Jacques interrompit son récit durant quelques secondes. Il s’y entendait, pour faire monter la pression de son interlocuteur. Enfin, il recommença à raconter.

« Il a immédiatement souri de bien-être. Ne vous méprenez pas. Il ne s’agissait pas d’un simple état d’euphorie. Mon frère éprouvait une réelle félicité, une satisfaction ne se limitant pas, comme un vulgaire plaisir, à un bref laps de temps. Bien sûr, l’effet finit par s’estomper, mais il dura plusieurs heures, à partir d’une seule petite goutte. »
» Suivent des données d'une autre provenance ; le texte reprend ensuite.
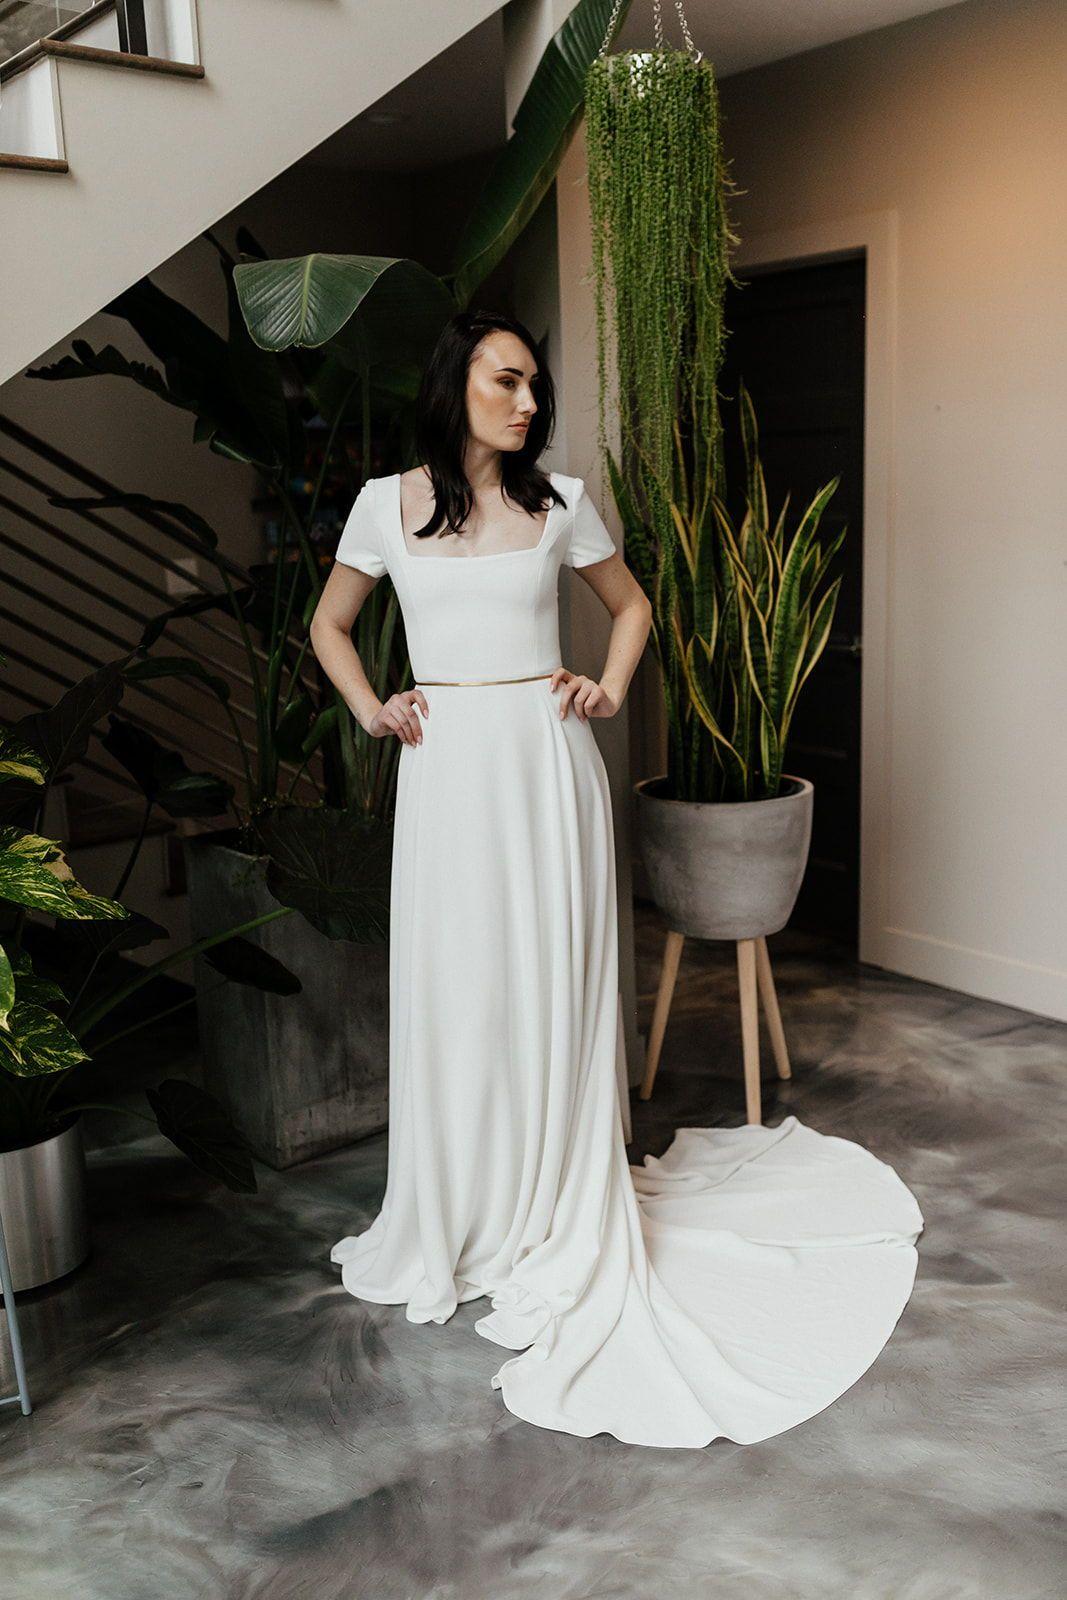 Crepe Modest Wedding Dress In 2020 Short Sleeve Wedding Dress Wedding Dresses Corset Wedding Dresses Unique

Malgré moi, il avait réussi à me happer dans son histoire. Je ne me suis pas demandé, pas même pendant une fraction de seconde, si ce qu’il me racontait était vrai ou s’il me menait en bateau. Pourtant, il y aurait eu de quoi, pensez donc : un élixir de bonheur ! Une goutte matin, midi et soir, allez et soyez heureux. Pourquoi pas aussi un philtre d’amour, une poudre qui rend invisible ou un gâteau qui fait rapetisser ?

Mais que ce monsieur plus très jeune, dans son costume strict, avec son maintien raide et son visage imperturbable ait pu affirmer une chose qui n’est pas l’exact reflet de la réalité était tout bonnement inconcevable.

Alors, oui, je l’ai cru aveuglément. Oui, j’ai acheté un flacon de son élixir en plus du parfum pour ma femme. Oui, j’en ai pris une goutte chaque matin. Oui, je le fais depuis plusieurs années. Oui, ça marche parfaitement, je nage depuis des années dans un bonheur d’origine artificielle, c’est vrai aussi, mais intense et magnifique.

Là, vous vous dites qu’il y a un piège, forcément. Que je vais vous annoncer que je suis totalement dépendant à ces gouttes, ou que les effets secondaires sont terribles, ou que je me suis ruiné pour les acquérir.

Non, il n’y a rien de tout cela. Le mélange savamment dosé à base de baie de Goji est d’une efficacité absolue, parfaite et sans faille. Depuis vingt ans que je l’utilise, je suis heureux comme peu de gens l’ont été. Bien sûr, j’ignore comment ça agit, pas plus que je ne connais la formule, les ingrédients ni les proportions, mais qu’importe ?

Jules a attrapé un cancer il y a quelques mois. Ça n’a guère d’importance, bien qu’il en soit mort la semaine dernière. Il a quitté l’existence en souriant béatement de bien-être, paraît-il.

Quant à moi, je me porte très bien, merci, puisque tout est parfait en ce monde. Il me reste assez de gouttes pour deux mois, au minimum. Que la vie est belle !


Commentaire

La gougoutte — 6 commentaires

  1. Ah un elixir de bonheur ! Quelle merveille. J’espère que son unique effet secondaire est la contamination du bonheur par simple regard, parole ou geste d’attention sincère ? Ton épouse est, je crois, deja contaminée.
    Plein de bonheur pour vous et autour de vous.
    La lecture de ton texte a été mon 1er petit bonheur de la journée.
    Bise

  2. Mais le vrai bonheur, tu le sais bien, est de partager avec les autres (je t’envoie mon adresse par e-mail privé)

    • Évidemment ! D’ailleurs, il y a un truc qui ne va pas dans mon histoire. Le narrateur a une femme, mais on ne sait pas s’il partage les gougouttes avec elle.

  3. Je le savais : tu te drogues.
    Eh bien ! C’est pas très beau d’exposer ça aux yeux de tout le monde !

    Pfff !

    Paquo

    PS : il est où ton magasin ? Ils ont un stock ? C’est pas pour moi, hein, c’est pour mon chien : il est un peu grognon, là. Comment ? Je n’ai pas de chien ? Ah ! Oui. Tiens. Du coup, c’est quoi qui grogne comme ça derrière la porte de la chambre ?

    • Je me drogue aux rêves, aux livres déjantés, à l’écriture d’histoires de dingue, à l’élixir de dinguerie, et à tout ce qui peut faire barrage entre le bien-être et ceux que j’aime.
      Et toi, prends un gros bâton et ouvre ta porte pour voir ce qu’il y a derrière. C’est le meilleur moyen de t’en débarrasser.